This concrete and steel structure, called fire resistive when first built at the turn of the century, is supposed to confine a fire by its construction. This type of construction in which the building elements listed in IBC Table 601 are of non-combustible materials, such as concrete and steel. The roof is also of non-combustible material, such as concrete or steel.
This type of building has steel or concrete walls, floors, and structural framework similar to type I construction; however, the roof covering material is combustible. The roof covering of a type II building can be a layer of asphalt waterproofing, with a combustible felt paper covering. Another layer of asphalt may be mopped over the felt paper.
This type of constructed building is also called a brick-and-joist structure by some. It has masonry-bearing walls but the floors, structural framework, and roof are made of wood or other combustible material; for example, a concrete-block building with wood roof and floor trusses. Fire-retardant-treated wood framing complying with IBC Sec. 2303.2 shall be permitted within exterior wall assemblies of a two-hour rating or less.
These buildings have masonry walls like type III buildings but the interior wood consists of heavy timber. In a heavy-timber building, a wood column cannot be less than 8″ thick in any dimension and a wood girder cannot be less than 6″ thick. The floor and roof are plank board. One difference between a heavy timber type IV building and type III construction is that a heavy-timber type IV building does not have plaster walls and ceilings covering the interior wood framework. The details of type IV construction shall comply with the provisions of 602.4.1 through 602.4.7. Fire-retardant-treated wood framing complying with IBC Section 2303.2 shall be permitted within exterior wall assemblies with a two-hour rating or less.

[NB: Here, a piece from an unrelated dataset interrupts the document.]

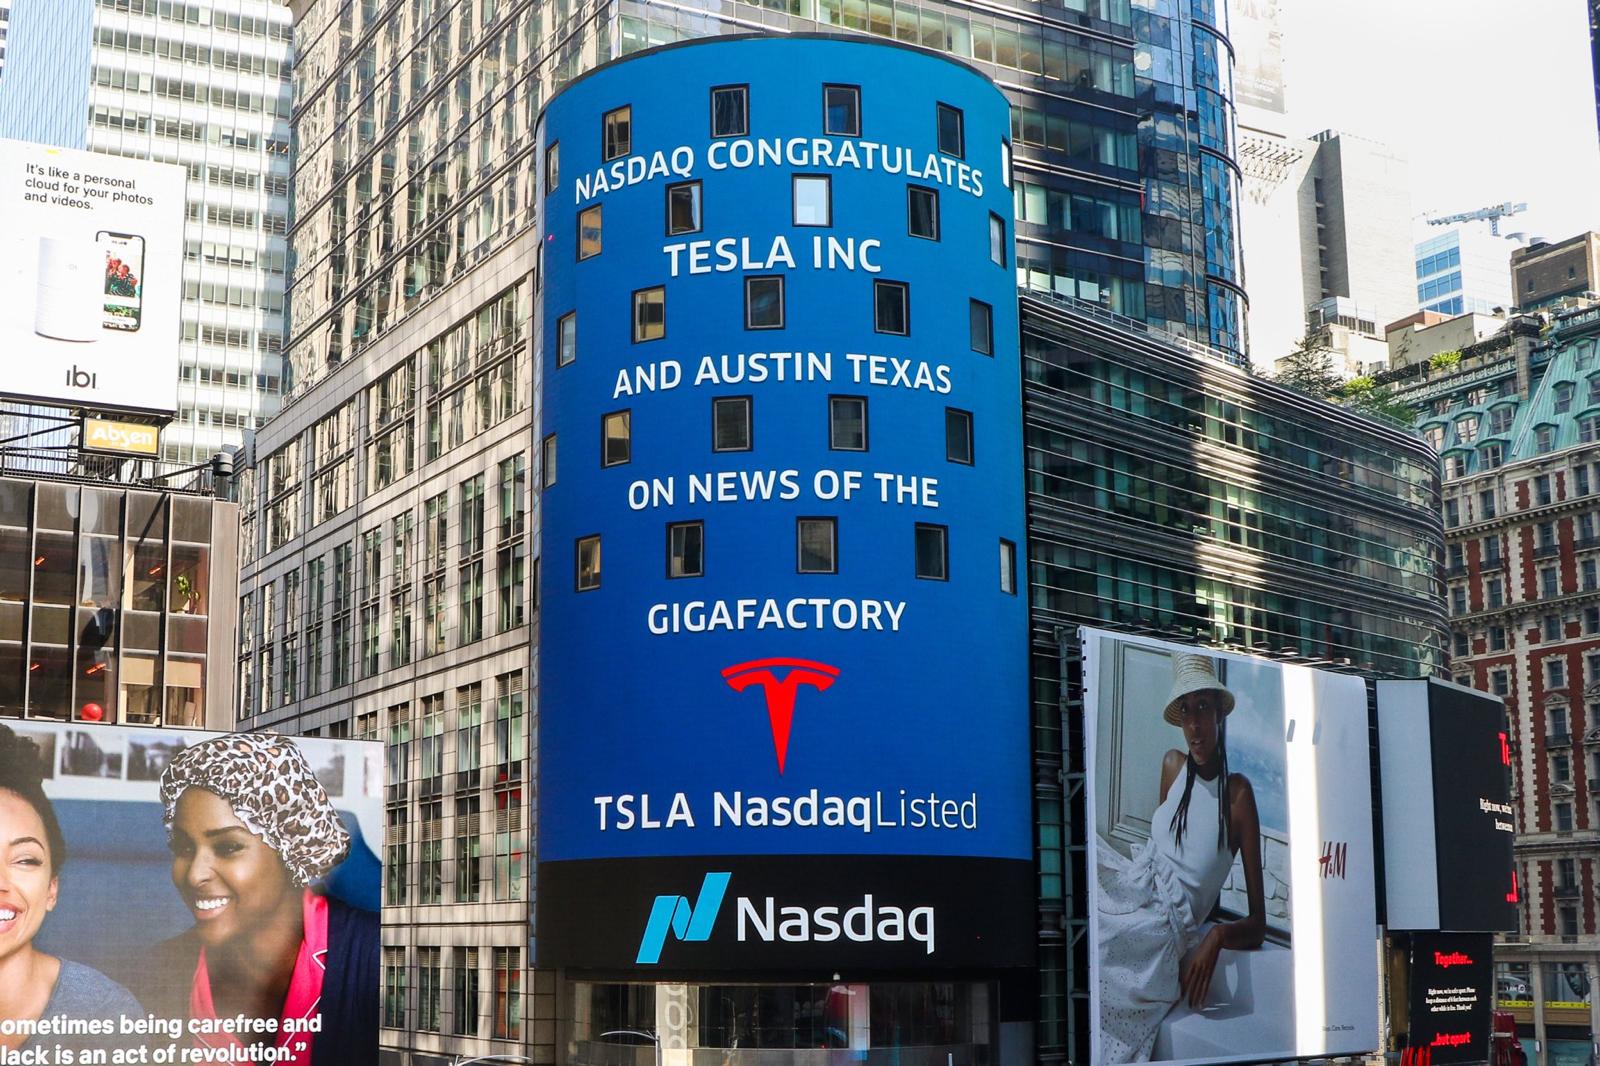 NASDAQ Congratulates Tesla and Austin Texas in Times Square on New Gigafactory

Wood-frame construction is the most combustible of the five building types. The interior framing and exterior walls may be wood. A wood-frame building is the only one of the five types of construction that has combustible exterior walls. This is the typical single-family home construction method. These buildings are built with 2 x 4 or 2 x 6 studs and load-bearing walls, wood floor trusses, or wood floor joist and wood roof framing.